Re: [PATCH] xfs: handle array index overrun in xfs_dir2_leaf_readbuf()

From: Eric Sandeen <sandeen@redhat.com>
To: "Darrick J. Wong" <darrick.wong@oracle.com>,
	Brian Foster <bfoster@redhat.com>
Cc: linux-xfs <linux-xfs@vger.kernel.org>,
	Carlos Maiolino <cmaiolin@redhat.com>
Subject: Re: [PATCH] xfs: handle array index overrun in xfs_dir2_leaf_readbuf()
Date: Tue, 18 Apr 2017 19:14:03 -0500	[thread overview]
Message-ID: <12d5c25d-7e59-0361-f5e6-ec8bfb8b1fff@redhat.com> (raw)
In-Reply-To: <20170419000906.GE5193@birch.djwong.org>

On 4/18/17 7:09 PM, Darrick J. Wong wrote:
> On Tue, Apr 18, 2017 at 12:55:44PM -0400, Brian Foster wrote:
>> On Mon, Apr 17, 2017 at 05:12:36PM -0500, Eric Sandeen wrote:
>>> On 4/17/17 3:57 PM, Brian Foster wrote:
>>>> On Thu, Apr 13, 2017 at 01:45:43PM -0500, Eric Sandeen wrote:
>> ...
>>>>
>>>> This fix seems fine to me, but I'm wondering if this code may have
>>>> issues with other kinds of misalignment between the directory blocks and
>>>> underlying bmap extents as well. For example, what happens if we end up
>>>> with something like the following on an 8k dir fsb fs?
>>>>
>>>>  0:[0,xxx,3,0]
>>>>  1:[3,xxx,1,0]
>>>>
>>>> ... or ...
>>>>
>>>>  0:[0,xxx,3,0]
>>>>  1:[3,xxx,3,0]
>>>
>>> Well, as far as that goes it won't be an issue; for 8k dir block sizes
>>> we will allocate an extent map with room for 10 extents, and we'll go
>>> well beyond the above extents which cross directory block boundaries.
>>>
>>>>  ...
>>>>  N:[...]
>>>>
>>>> Am I following correctly that we may end up assuming the wrong mapping
>>>> for the second dir fsb and/or possibly skipping blocks?
>>>
>>> As far as I can tell, this code is only managing the read-ahead state
>>> by looking at these cached extents. We keep track of our position within
>>> that allocated array of mappings - this bug just stepped off the end
>>> while doing so.
>>>
>>> Stopping at the correct point should keep all of the state consistent
>>> and correct.
>>>
>>> But yeah, it's kind of hairy & hard to read, IMHO.
>>>
>>> Also as far as I can tell, we handle such discontiguities correctly,
>>> other than the bug I found.  If you see something that looks suspicious,
>>> I'm sure I could tweak my test case to craft a specific situation if
>>> there's something you'd like to see tested...
>>>
>>
>> Background: Eric and I chatted a bit on irc to rectify that what I'm
>> calling out above is a different issue from what is fixed by this patch.
>>
>> Eric,
>>
>> I managed to construct a directory that looks like this:
>>
>>  EXT: FILE-OFFSET      BLOCK-RANGE      AG AG-OFFSET        TOTAL
>>    0: [0..7]:          88..95            0 (88..95)             8
>>    1: [8..15]:         80..87            0 (80..87)             8
>>    2: [16..39]:        168..191          0 (168..191)          24
>>    3: [40..63]:        5242952..5242975  1 (72..95)            24
>>
>> The fs has 8k directory fsbs.

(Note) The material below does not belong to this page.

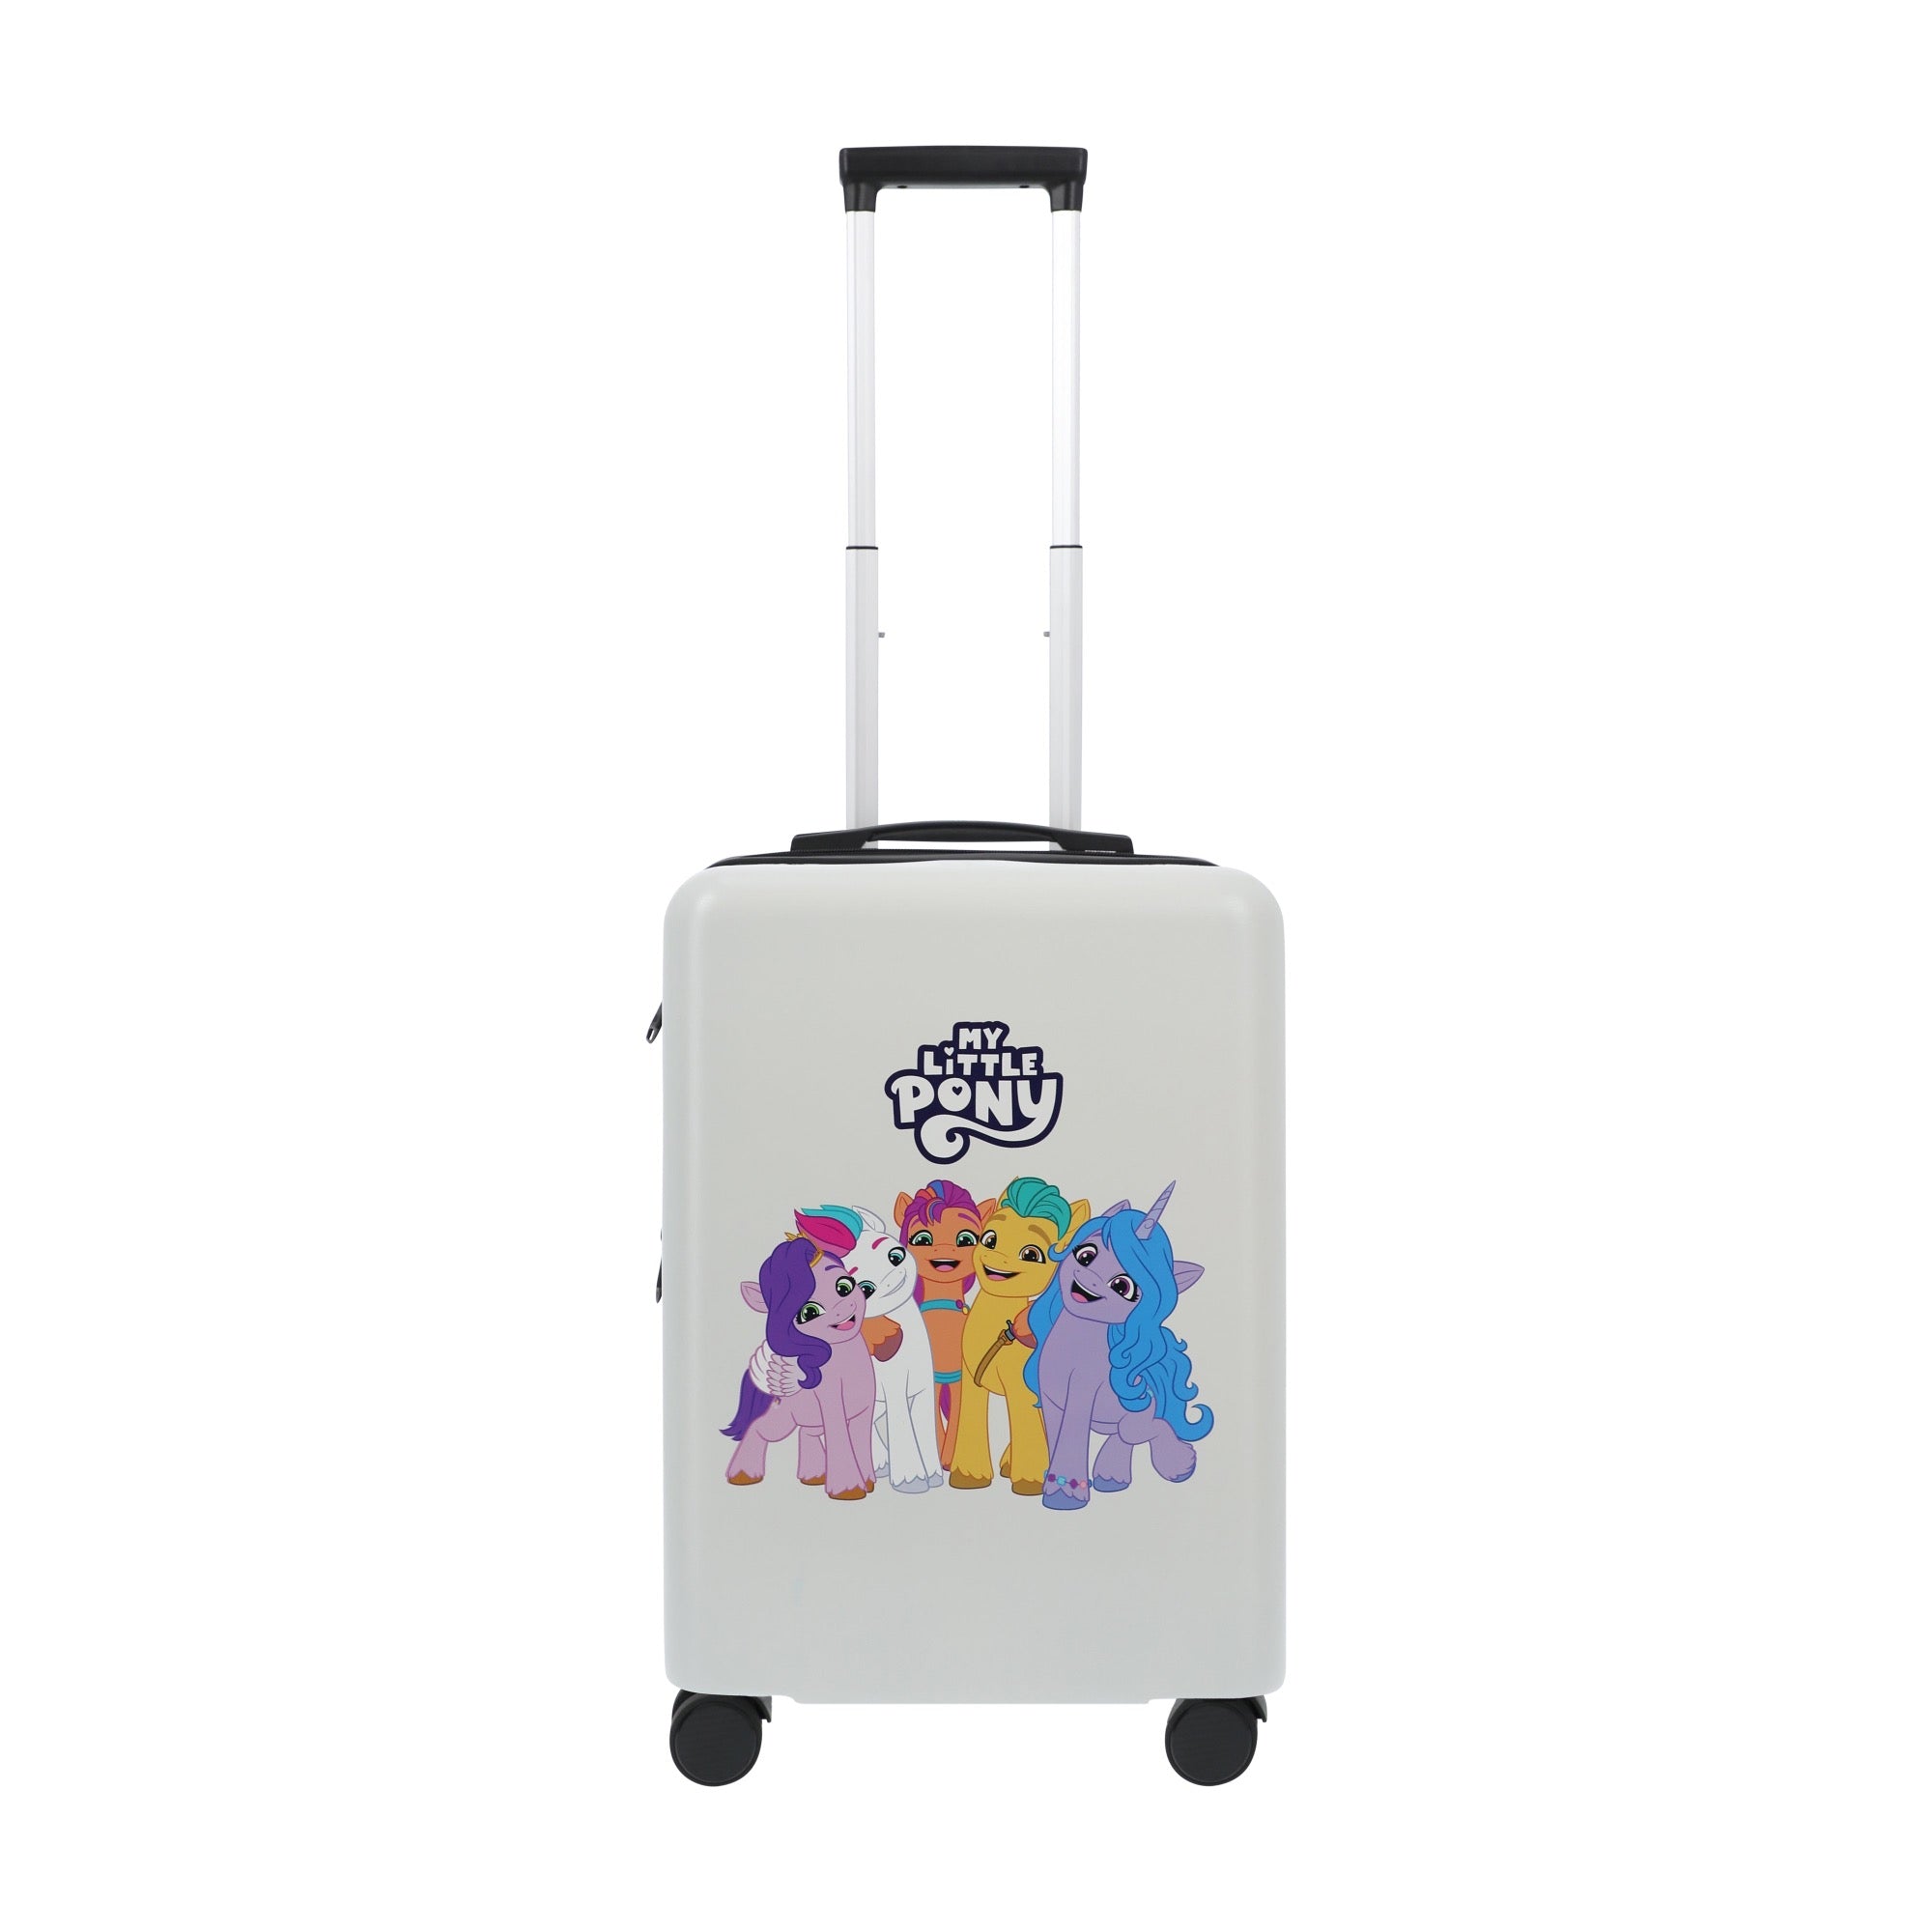 White Hasbro My Little Pony 22.5" carry-on spinner suitcase luggage by Ful
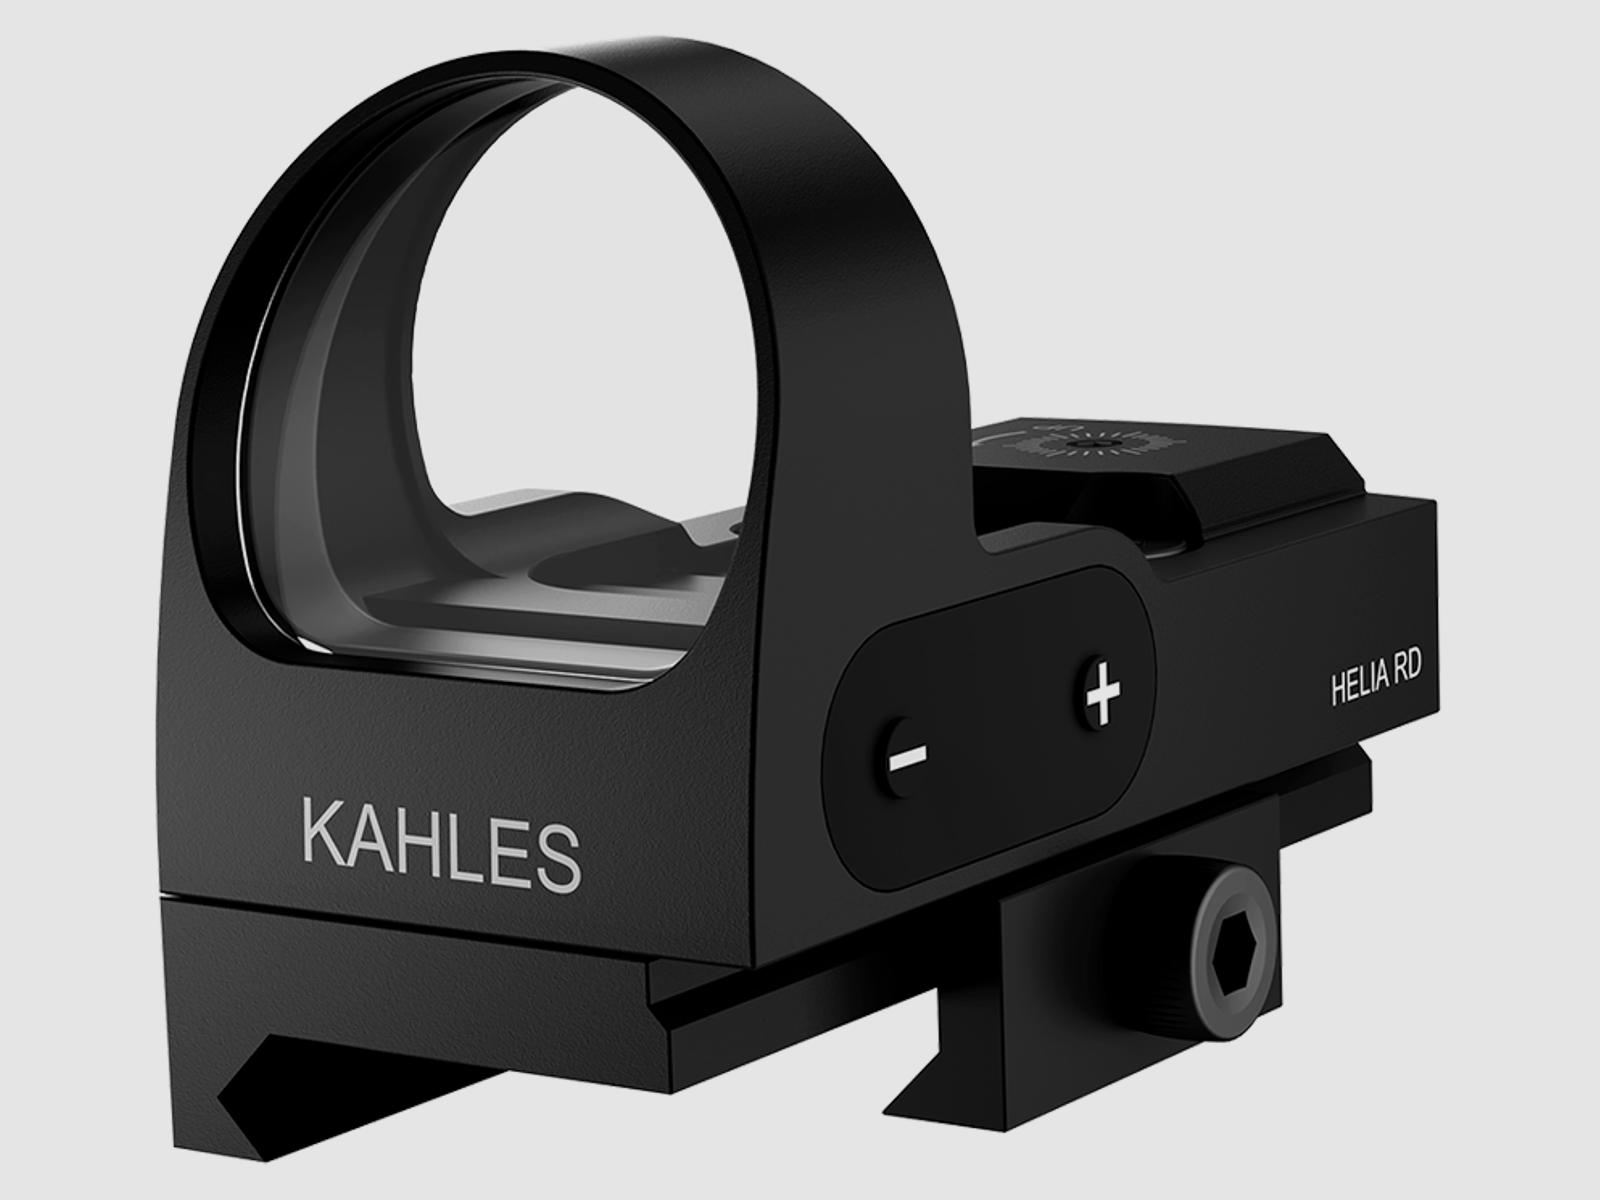 Kahles Helia RD Montagesystem: Docter sight / Meosight / CompactPoint

Dir fsb offset 0 spans extents 0 and 1,
>> offset 1 (which corresponds to the 512b range 16-31 above) is covered
>> completely by extent 2 and dir offset 2 (range 32-47) spans extents 2
>> and 3. An ls of this directory produces this:
>>
>>  XFS (dm-3): Metadata corruption detected at xfs_dir3_data_reada_verify+0x42/0x80 [xfs], xfs_dir3_data_reada block 0x500058
>>  XFS (dm-3): Unmount and run xfs_repair
>>  XFS (dm-3): First 64 bytes of corrupted metadata buffer:
>>  ffffbcb901c44000: 00 00 00 00 00 00 00 64 0f 78 78 78 78 78 78 78  .......d.xxxxxxx
>>  ffffbcb901c44010: 78 78 78 78 2e 38 38 36 01 00 00 00 00 00 10 00  xxxx.886........
>>  ffffbcb901c44020: 00 00 00 00 00 00 00 64 0f 78 78 78 78 78 78 78  .......d.xxxxxxx
>>  ffffbcb901c44030: 78 78 78 78 2e 38 38 37 01 00 00 00 00 00 10 20  xxxx.887....... 
>>
>> ... which is yelling about block 184 (dir fsb 2). The fs is otherwise
>> clean according to xfs_repair. 
>>
>> I _think_ something like the appended diff deals with it, but this is
>> lightly tested only and could definitely use more eyes.
>>
>> Brian
>>
>> --- 8< ---
>>
>> diff --git a/fs/xfs/xfs_dir2_readdir.c b/fs/xfs/xfs_dir2_readdir.c
>> index ad9396e..9fa379d 100644
>> --- a/fs/xfs/xfs_dir2_readdir.c
>> +++ b/fs/xfs/xfs_dir2_readdir.c
>> @@ -404,7 +404,8 @@ xfs_dir2_leaf_readbuf(
>>  		 * Read-ahead a contiguous directory block.
>>  		 */
>>  		if (i > mip->ra_current &&
>> -		    map[mip->ra_index].br_blockcount >= geo->fsbcount) {
>> +		    (map[mip->ra_index].br_blockcount - mip->ra_offset) >=
>> +		     geo->fsbcount) {
>>  			xfs_dir3_data_readahead(dp,
>>  				map[mip->ra_index].br_startoff + mip->ra_offset,
>>  				XFS_FSB_TO_DADDR(dp->i_mount,
>> @@ -432,7 +433,7 @@ xfs_dir2_leaf_readbuf(
>>  			 * The rest of this extent but not more than a dir
>>  			 * block.
>>  			 */
>> -			length = min_t(int, geo->fsbcount,
>> +			length = min_t(int, geo->fsbcount - j,
> 
> Looks ok to me to make Eric's bugfix complete.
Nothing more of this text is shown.